_What you will do_:
Shown below are entries with pictures; the line with "Белый костюм первосвященника" through the line with "angelas 2019" is the span to retype exactly, and the pictures stay out.

_Input records_:
_ _ _ _

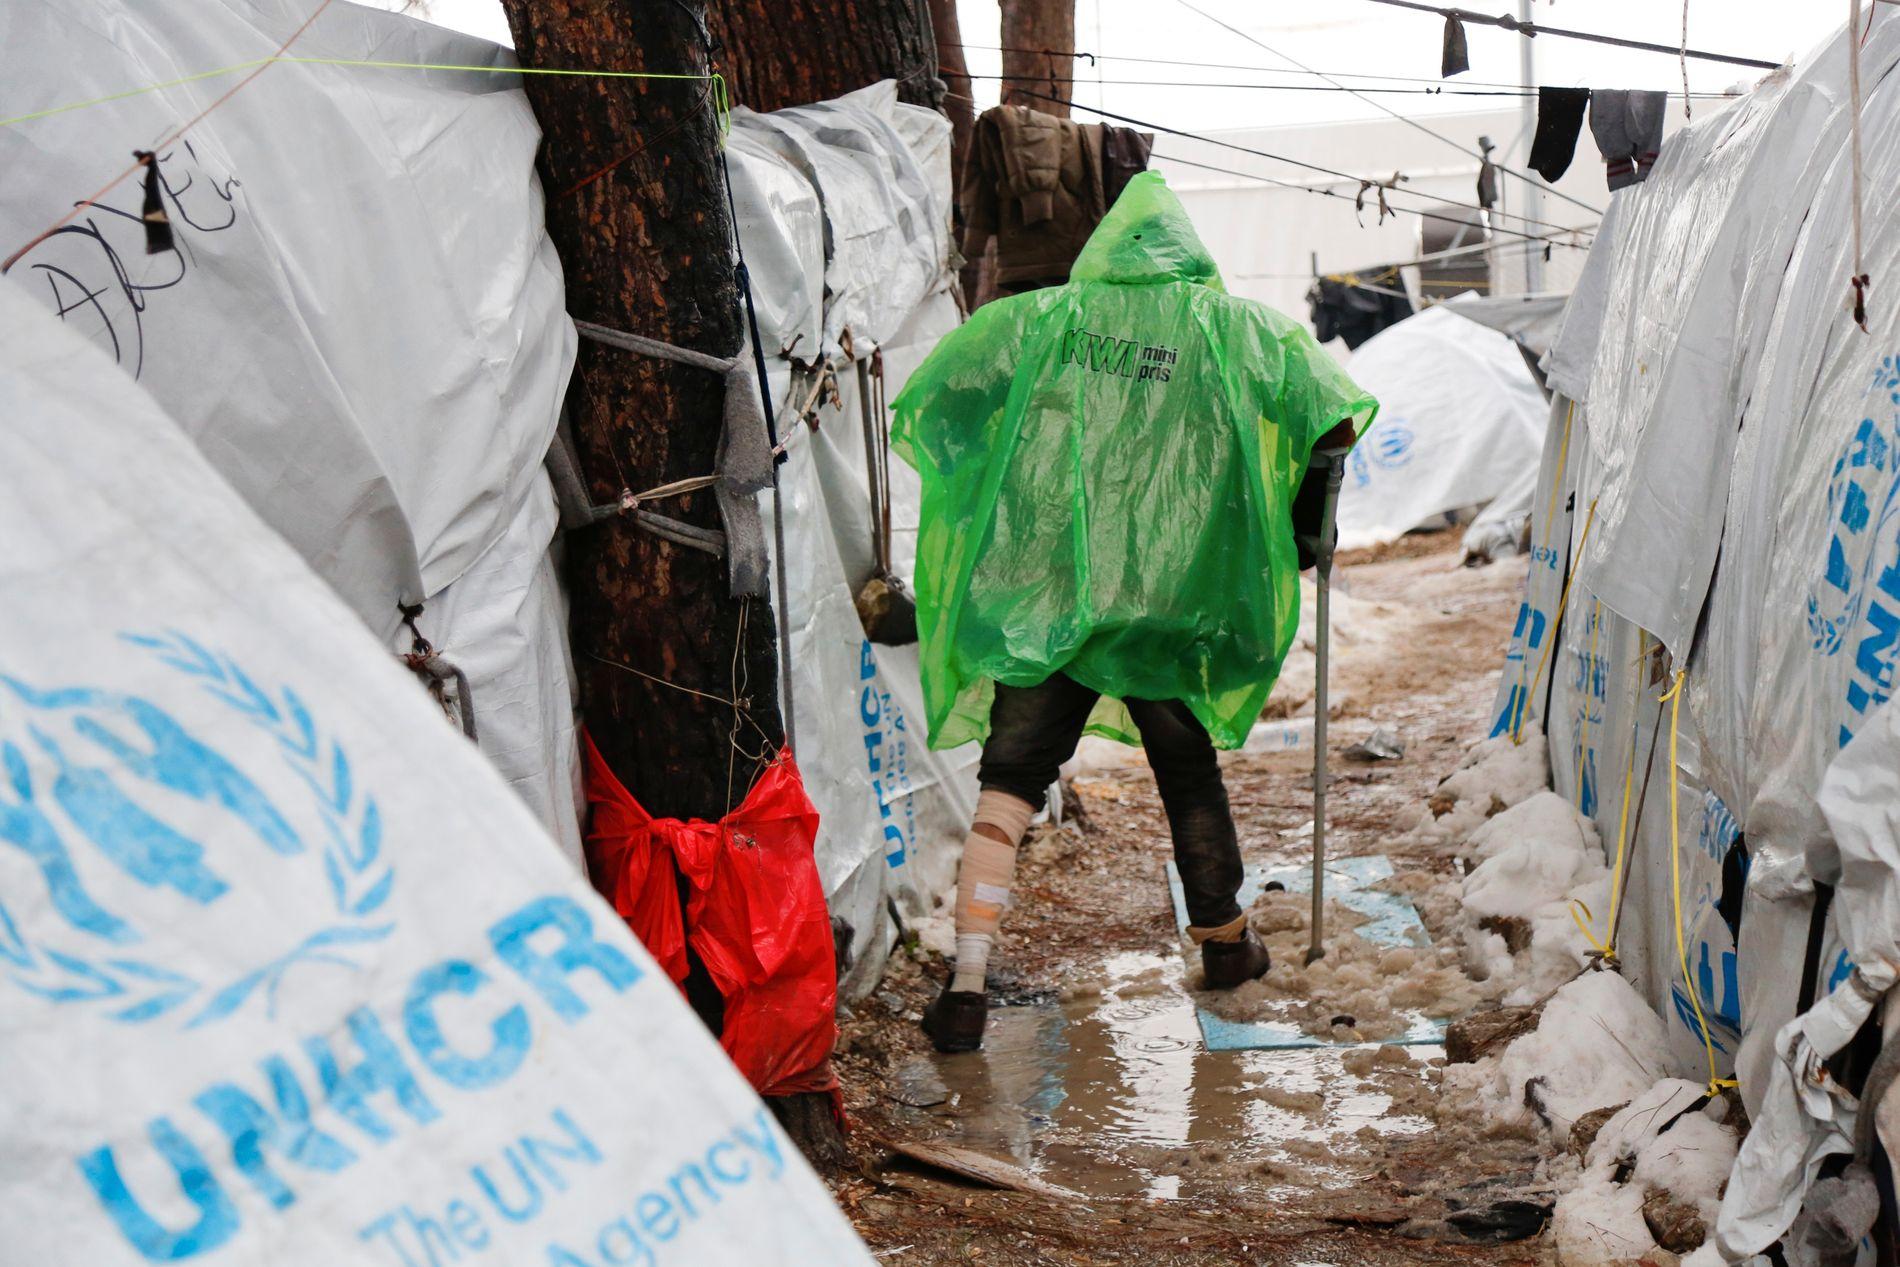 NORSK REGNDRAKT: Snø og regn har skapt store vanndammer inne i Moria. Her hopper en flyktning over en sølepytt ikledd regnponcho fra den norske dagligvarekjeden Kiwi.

_ _ _ _

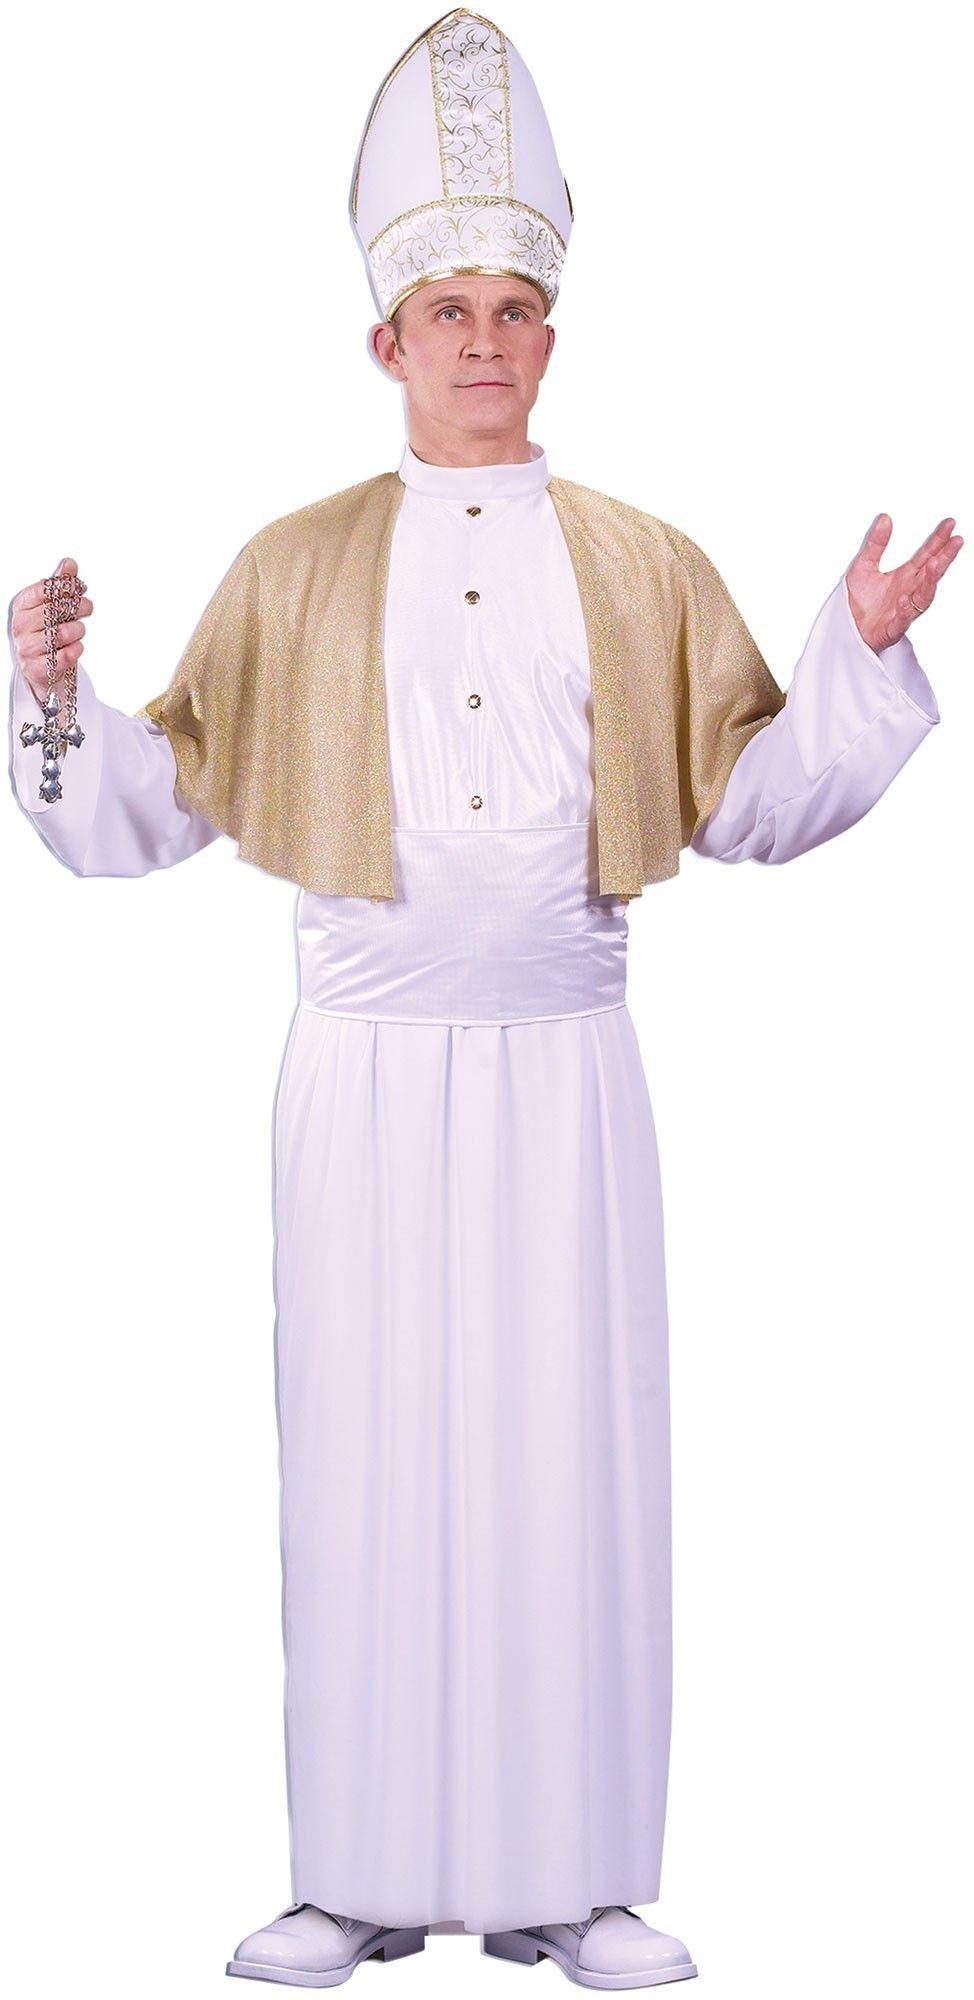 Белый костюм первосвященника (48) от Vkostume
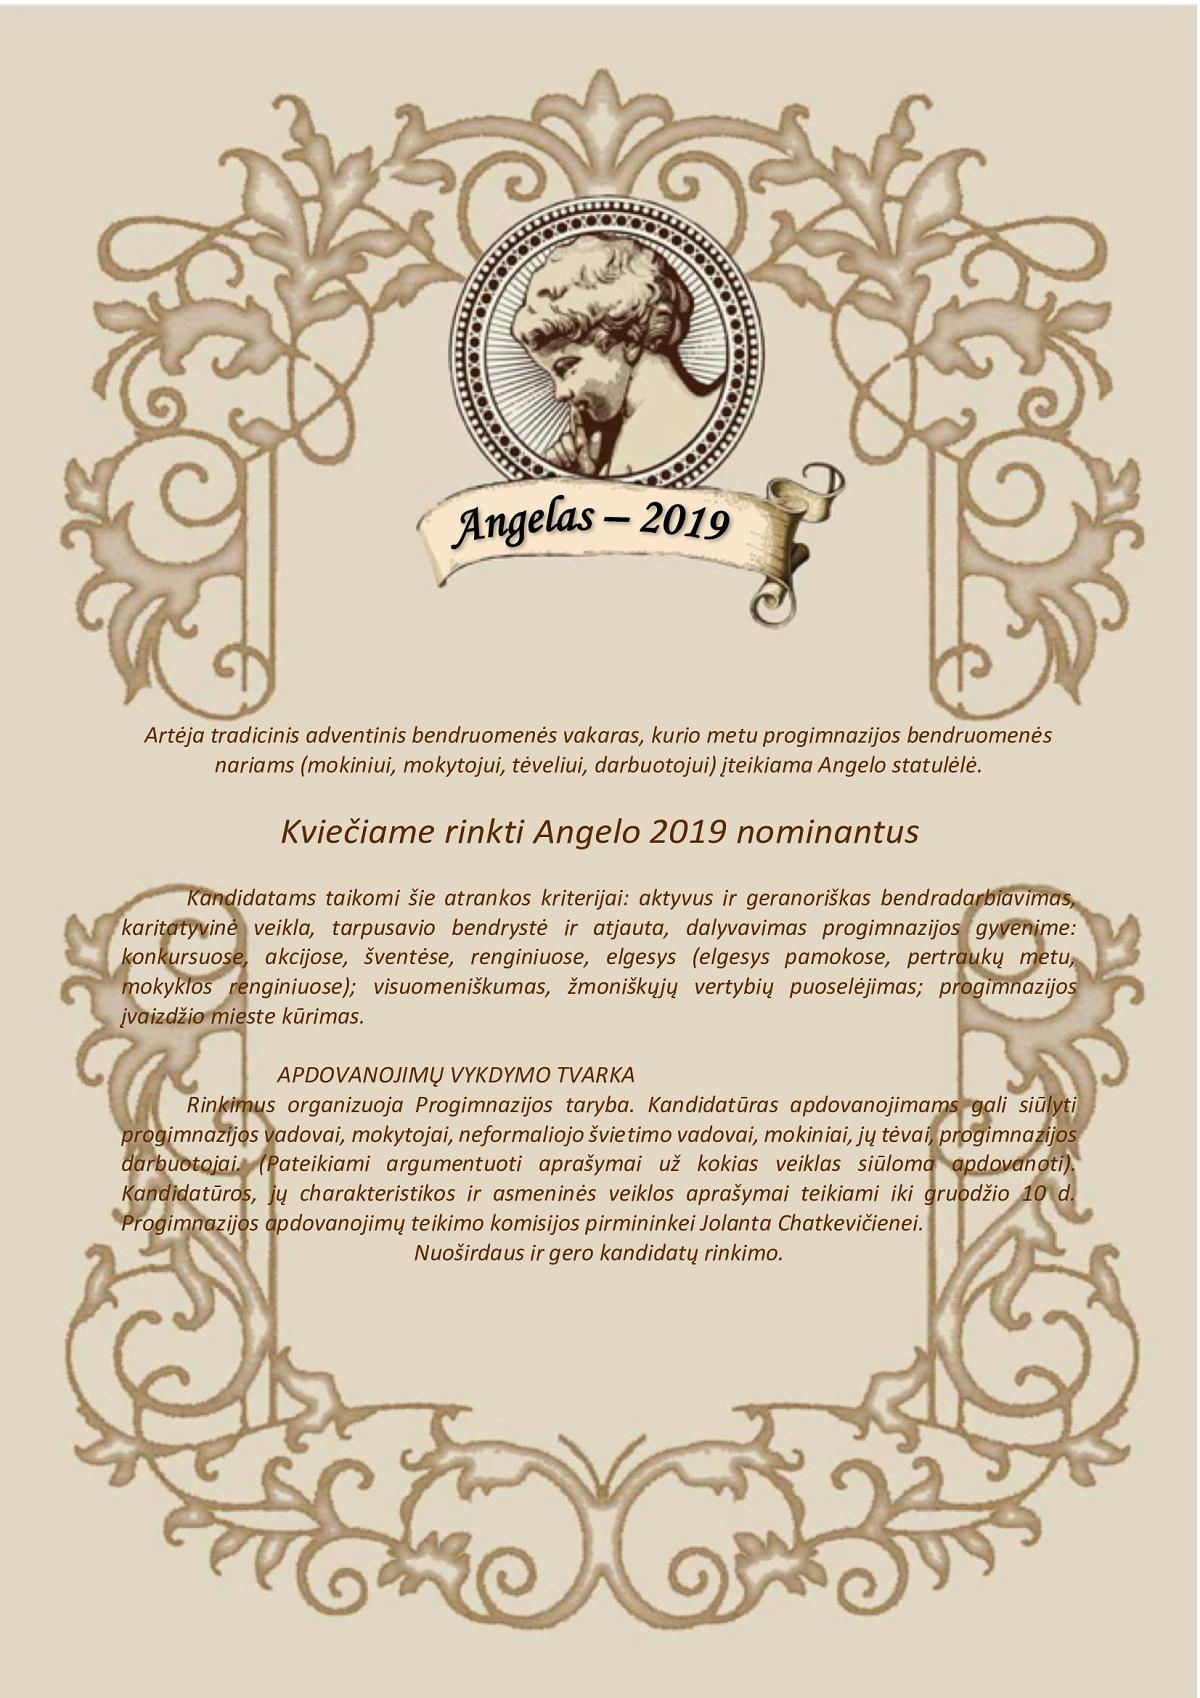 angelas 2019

_ _ _ _

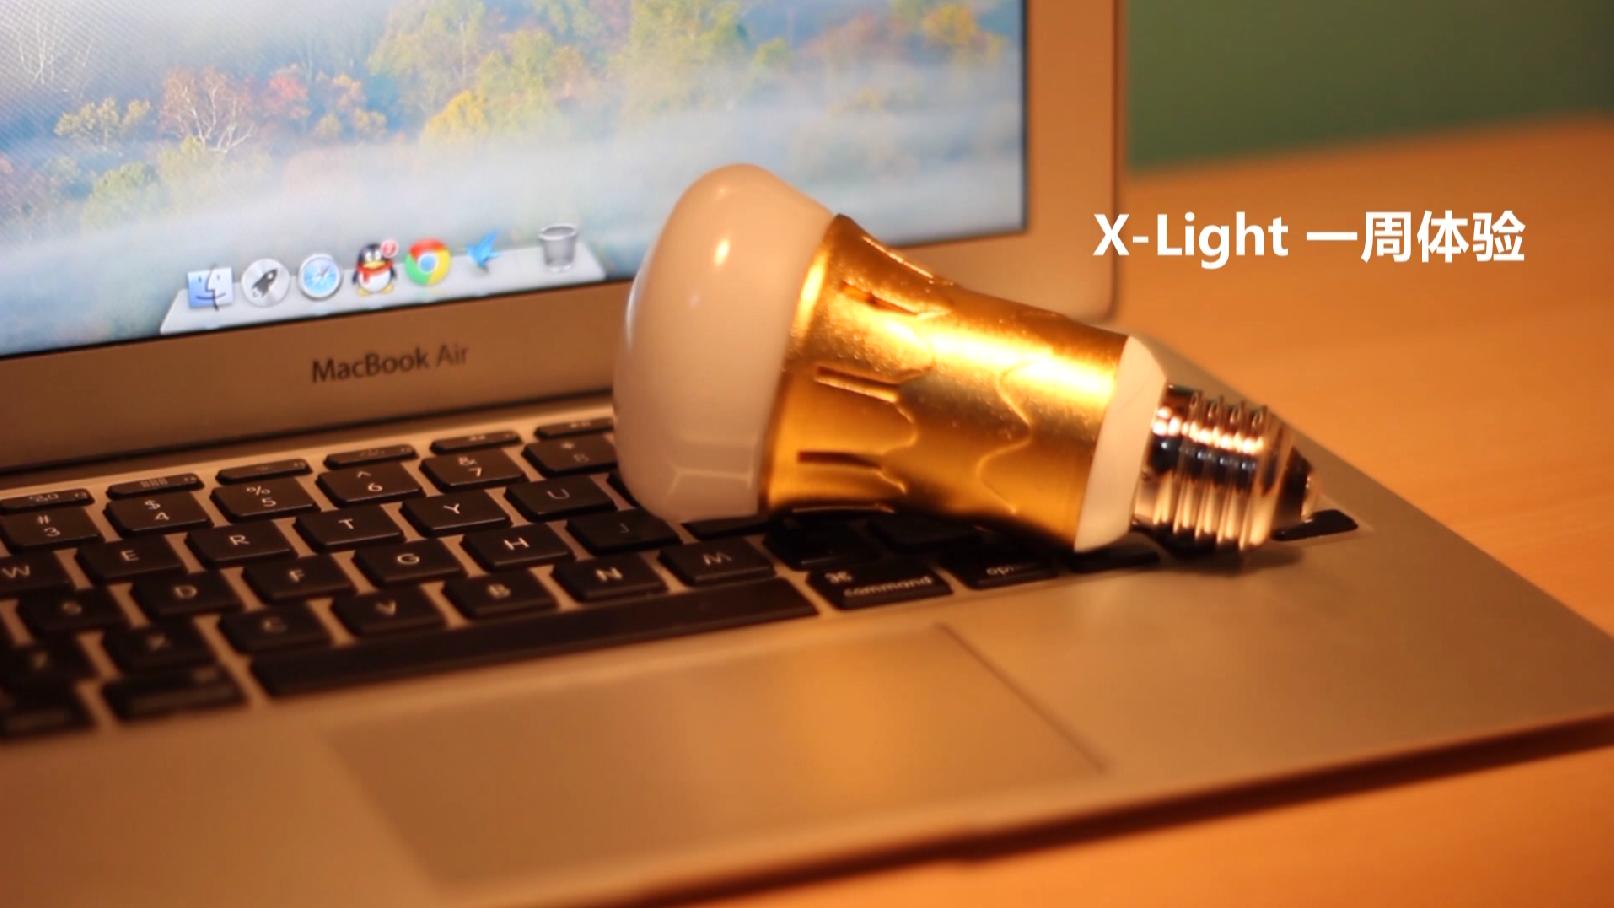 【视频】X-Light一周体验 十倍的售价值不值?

_ _ _ _

_Answer space_:
 Белый костюм первосвященника (48) от Vkostume
 angelas 2019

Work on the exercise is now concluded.